Dancers from University of Memphis moved across the courthouse lawn performing a traditional dragon dance Feb. 9 to celebrate the Lunar New Year and welcome the Year of the Boar during Boro Art Crawl.

“Traditionally China was an agricultural society so farming was the main industry, let’s say, 5,000 years ago,” said Dr. Mei Han, director of The Center for Chinese Music and Culture. “This is the beginning of the new year, and that is also a time for family to get together, very much like Christmas.”

Traditionally celebrations include lots of food (especially fish), red decorations like lanterns and banners, and prayers for a prosperous year ahead. In addition to the dragon dance, the Friday night events featured Chinese music, martial arts demonstrations and an art exhibition at The Center for the Arts.

Xei Weiqiang’s classical Chinese paintings portray the harmony and balance of nature through images of birds and flowers. He uses traditional Chinese brush strokes, but employs Western methods to add dimension.

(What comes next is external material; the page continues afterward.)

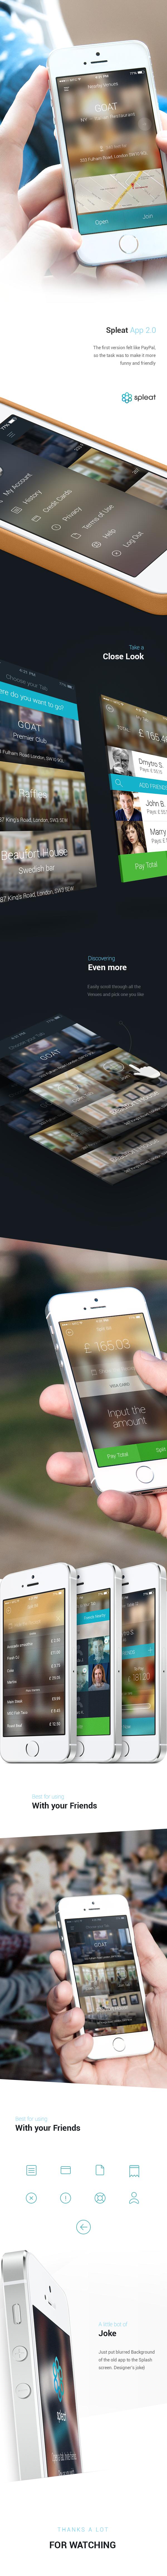 mobile ios app iphone Icon UI ux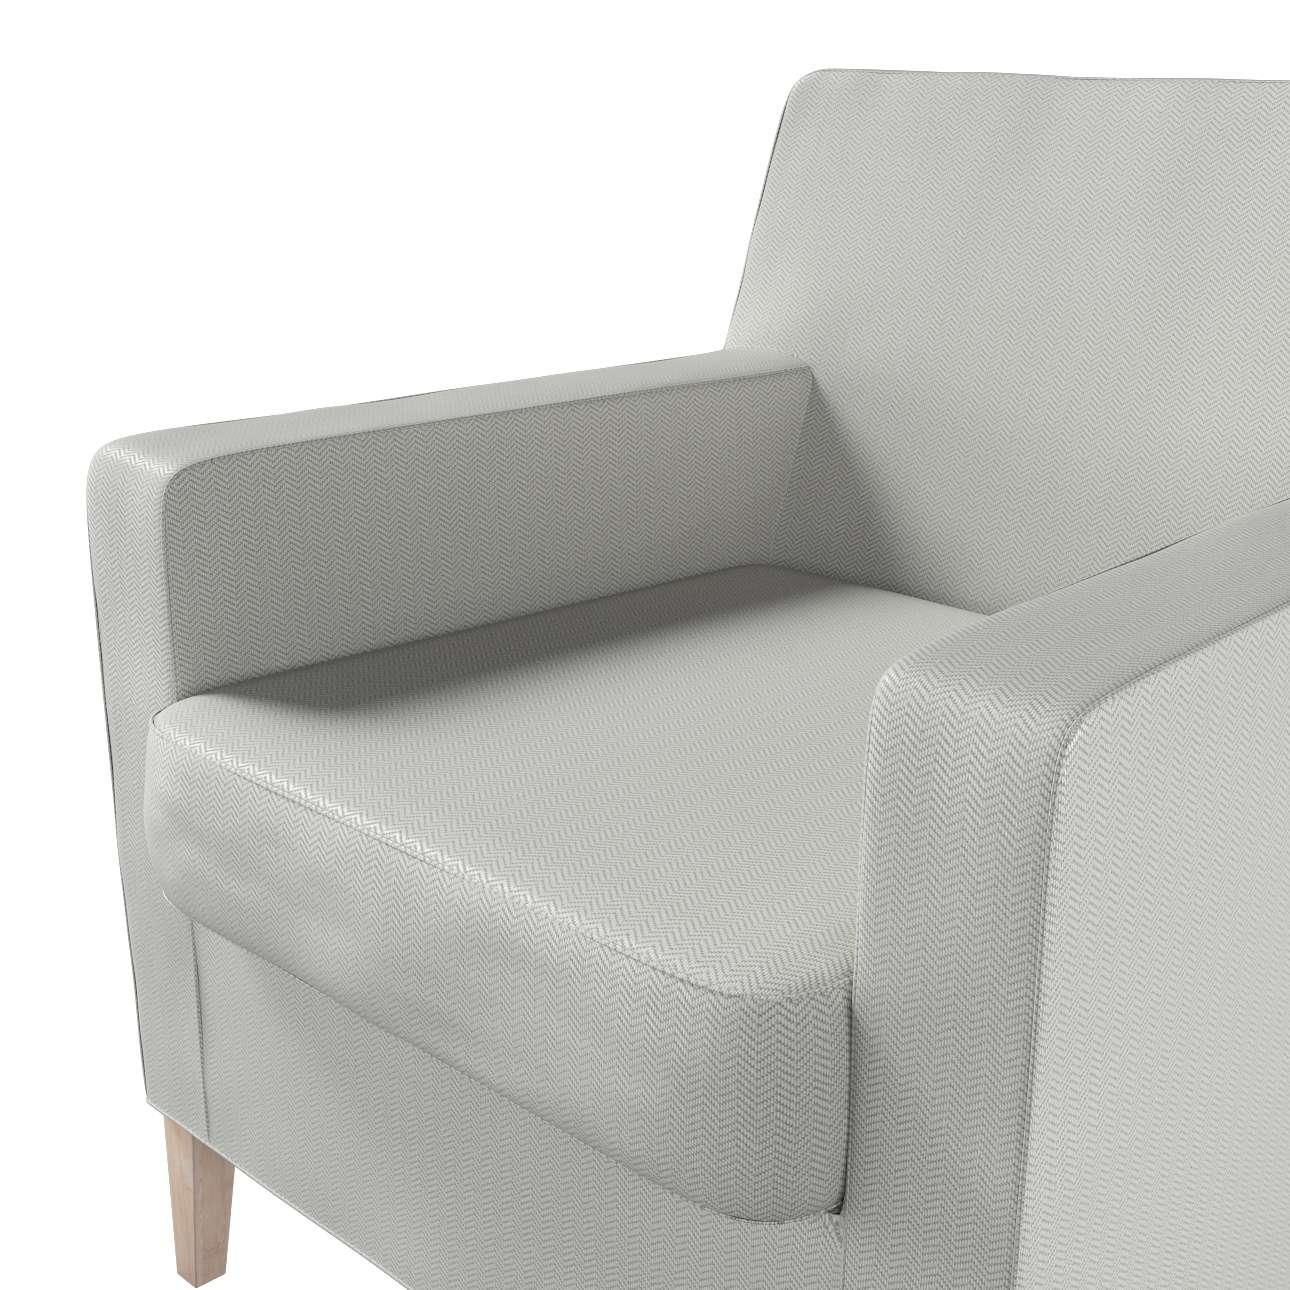 Karlstad nojatuoli, korkea mallistosta Bergen, Kangas: 161-84

“You can see some of the colors on some of them are particularly enticing,” said art enthusiast John Smead, one of many who braved the cold weather to enjoy Weiqiang’s paintings. “The combination of color and detail, I think it’s extremely skilled work.”

If you missed out at the art crawl, the exhibit is open through the end of the month. The Center for the Arts will also host a Chinese brush stroke workshop with Dr. Guanping Zheng on Feb. 23. That evening, Wei Xiaodong and the MTSU Symphony Orchestra will perform “Butterfly Lovers Concerto” in the Wright Music Building.